Il 2020 è stato l’anno più caldo della storia. Contende il primato al 2016, ma con la concomitanza di due fenomeni che possono averlo influenzato, in entrambe le direzioni. Gli incendi in Australia e in California hanno offuscato l’atmosfera, schermandola dall”irraggimaneto solare. Nel contempo, però, il lock down da Covid 19, riducendo traffico e scarichi industriali, ha contenuto le emissioni di particolato rendendo l’atmosfera più permeabile agli stessi raggi solari.
Più 1,02 gradi dal 1980, più 1,2 dall’800
Stabilire quale dei due effetti sia stato prevalente richiederà ulteriori approfondimenti.
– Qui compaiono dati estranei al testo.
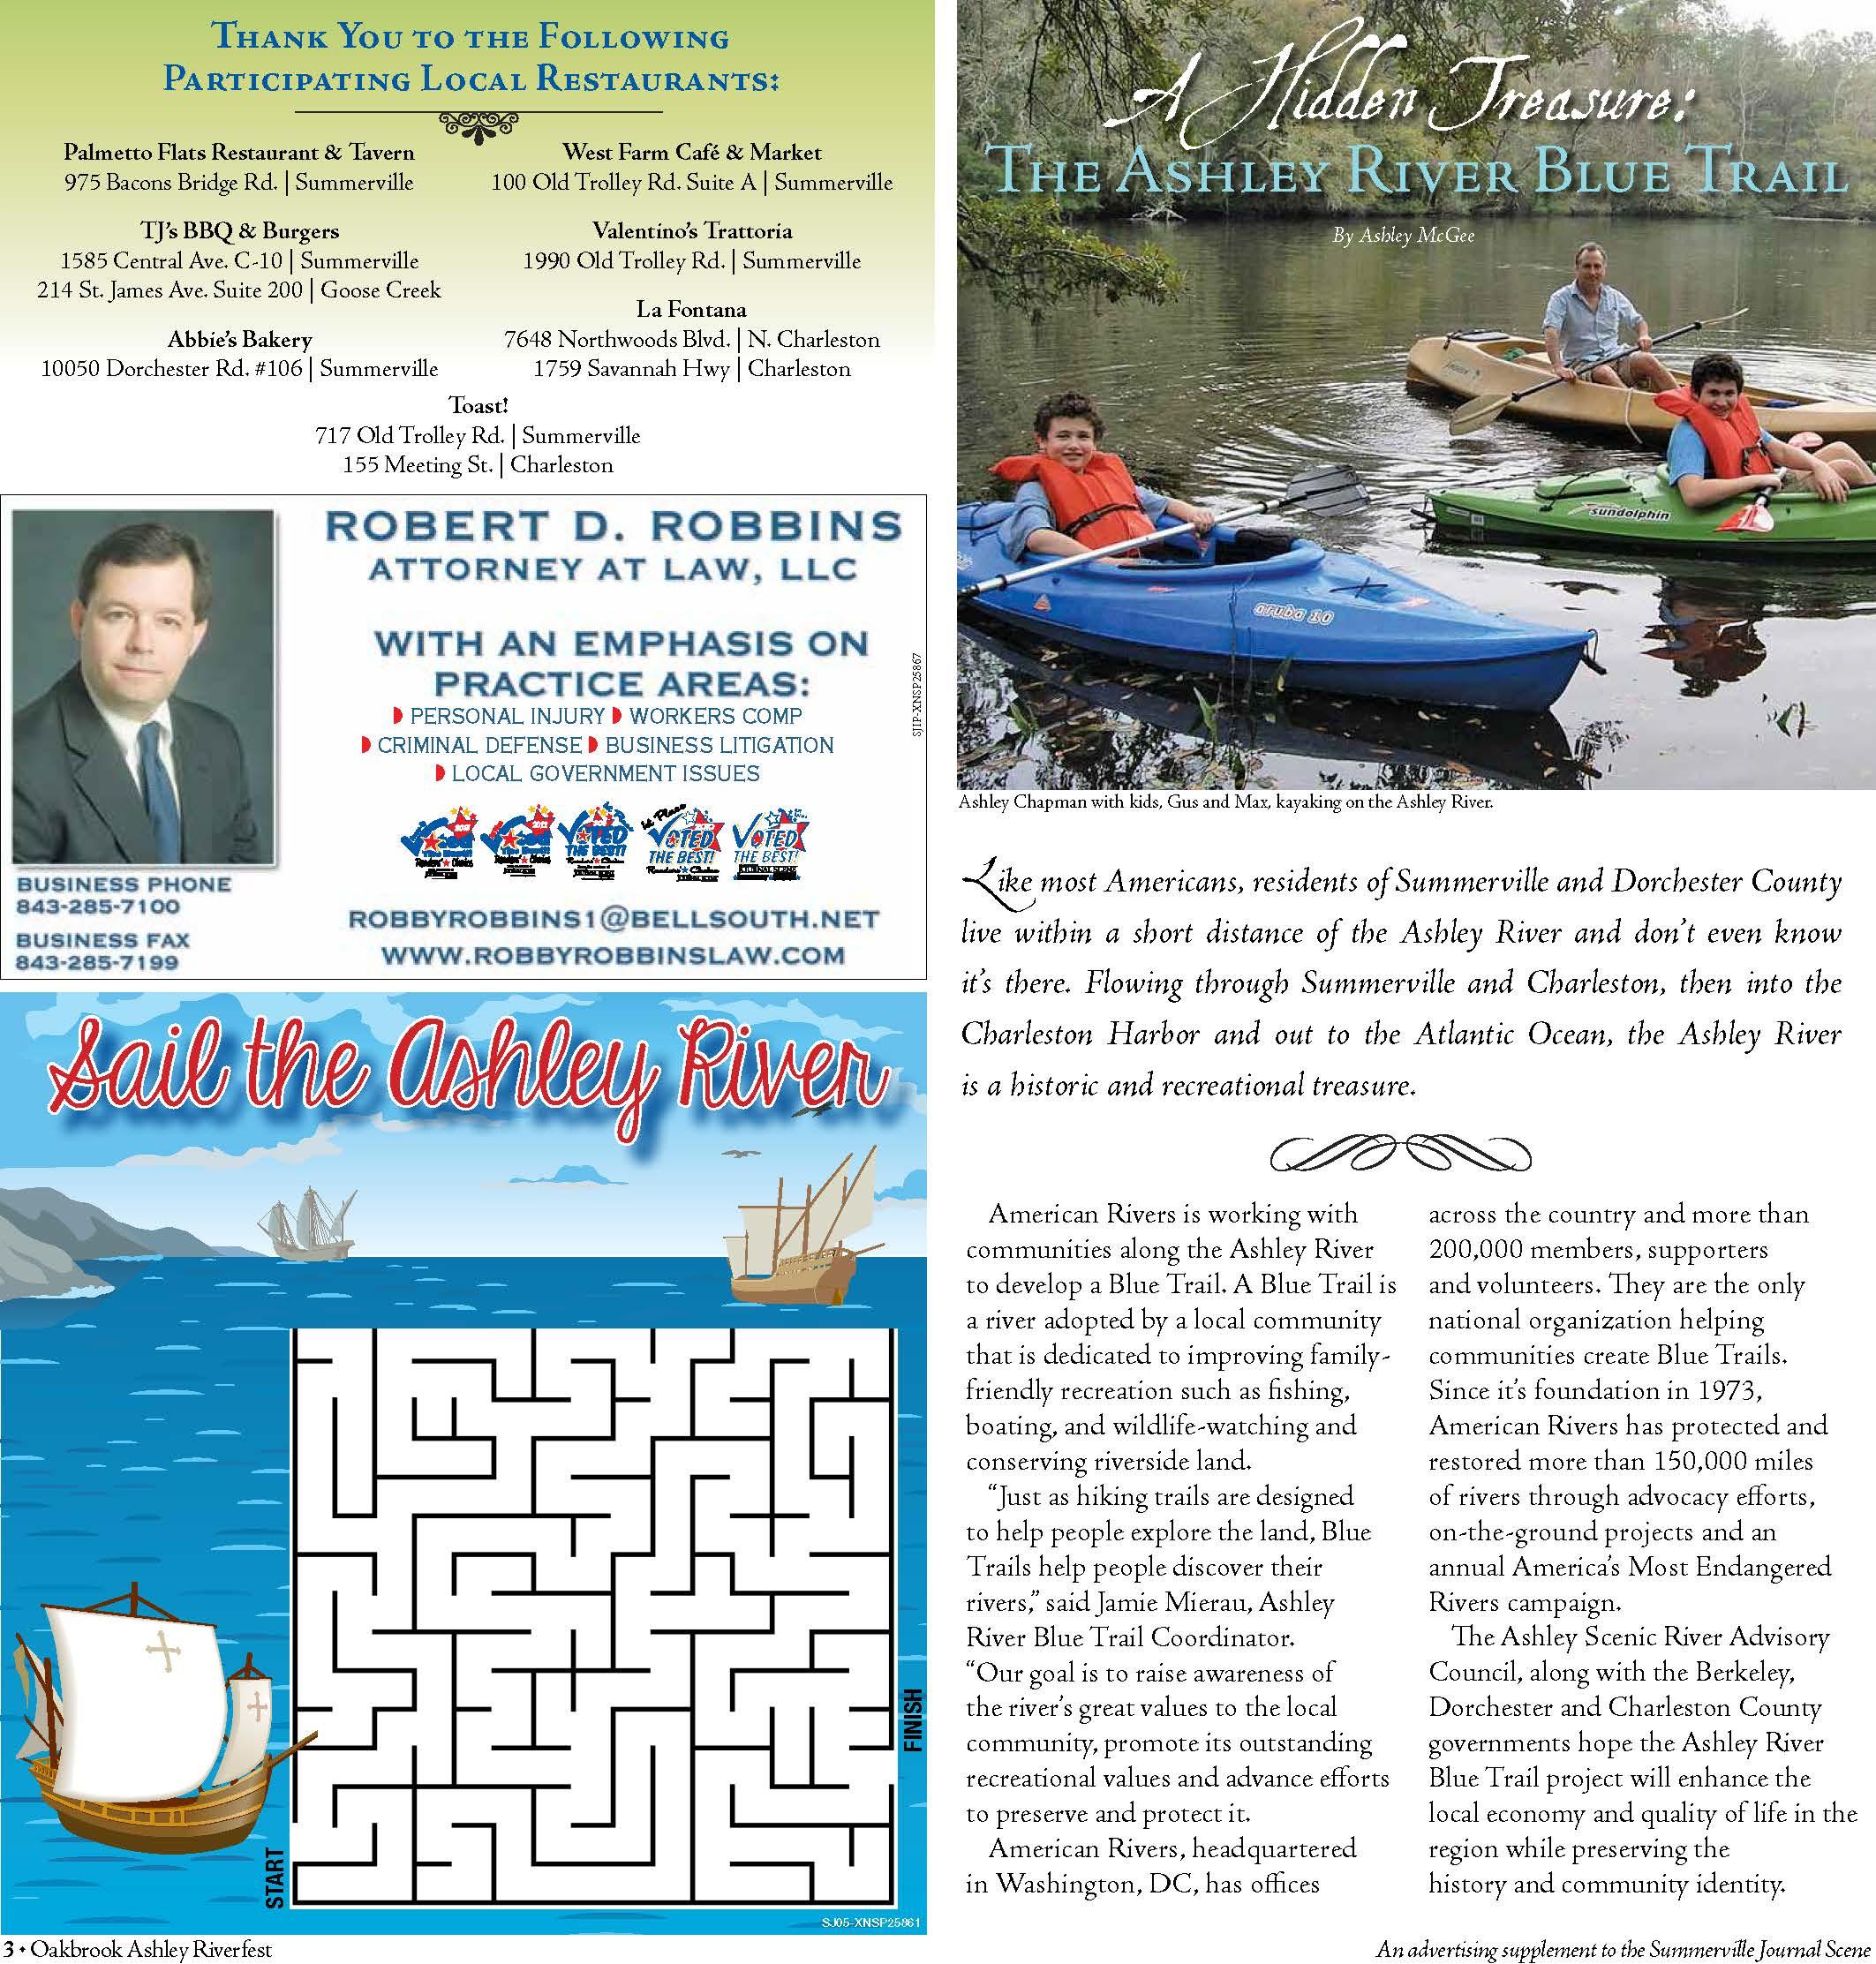 oakbrook-riverfest2_page_3.jpg

Fatto sta che anche il report della Nasa, dopo quello del programma europeo Copernico, ha stabilito che la temperatura media della superficie terrestre ha superato di 1,02 gradi la media del periodo di riferimento 1951-1980. E ha superato di 1,2 gradi la temperatura dell’era pre industriale, alla fine del 19esimo secolo. Sono misure praticamente identiche a quelle del 2016, sin qui considerato l’anno più caldo da quando si effettuano rilevazioni scientifiche.
Gli esperti del Goddard Institute for Space Studies (GISS) di New York che hanno rielaborato i dati, affermano che la differenza statistica fra i due anni è minima. Si conferma però un trend di lungo periodo assolutamente allarmante. Gli ultimi sette anni sono stati i più caldi mai registrati e ciò conferma la drammatica tendenza al riscaldamento climatico. Nel 2016 fu il vento caldo El Nino a giustificare l’anomalia. Quest’anno, in assenza di una fenomeno globale così impattante, la tendenza sembra ancor più preoccupante, affermano gli scienziati americani.
L’impennata della CO2 in atmosfera
Del resto, nonostante sia diminuita del 7% circa, sempre per il Covid, l’emissione globale di gas serra CO2 equivalenti, la loro concentrazione in atmosfera è ulteriormente cresciuta. Il picco di 417,9 parti per milione (ppm) è stato toccato in giugno.
Incendo e lock down, effetti opposti
Tornando ai due fenomeni descritti all’inizio, gli scienziati americani fanno notare che gli incendi della prima metà del 2020 hanno prodotto così tanto fumo da ridurre la radiazione solare e raffreddare leggermente l’atmosfera. Al contrario, i vari lock down dalla pandemia hanno ridotto il particolato atmosferico, permettendo a una maggiore quantità di raggi solari di raggiungere la Terra. Ciò avrebbe determinato un riscaldamento piccolo ma potenzialmente significativo.
Questi primi dati saranno validati dall’IPCC, il massimo organismo scientifico internazionale promosso dall’Onu, e saranno la base per il vertice COP 26 di Glagow in programma per fine anno.
L’uomo della Nasa: possiamo evitare il disastro
In una recente interista il direttore del GISS Gavin Schmidt ha affermato che «se decidiamo di bruciare tutti i combustibili fossili che possiamo trovare, potremmo raggiungere 900 ppm entro la fine del secolo». E ha aggiunto che «la sensibilità climatica ci dice cosa possiamo aspettarci in termini di temperatura: tra un altro 1 o 2 gradi Celsius in più per lo scenario migliore, che sarebbe molto grave, e tra 4 e 7 gradi per lo scenario peggiore, che sarebbe il disastro». Ma con un’ aggressiva lotta alle emissioni di Co2, come prevista dall’Accordo di Parigi, è ancora possibile restare sotto i 500 ppm. «La sensibilità al clima non è così bassa da poterla ignorare, né è così alta da dover disperare. In definitiva, mentre il cambiamento climatico prodotto dall’uomo è (e continuerà a essere) un problema, le nostre azioni come società possono cambiare quella traiettoria».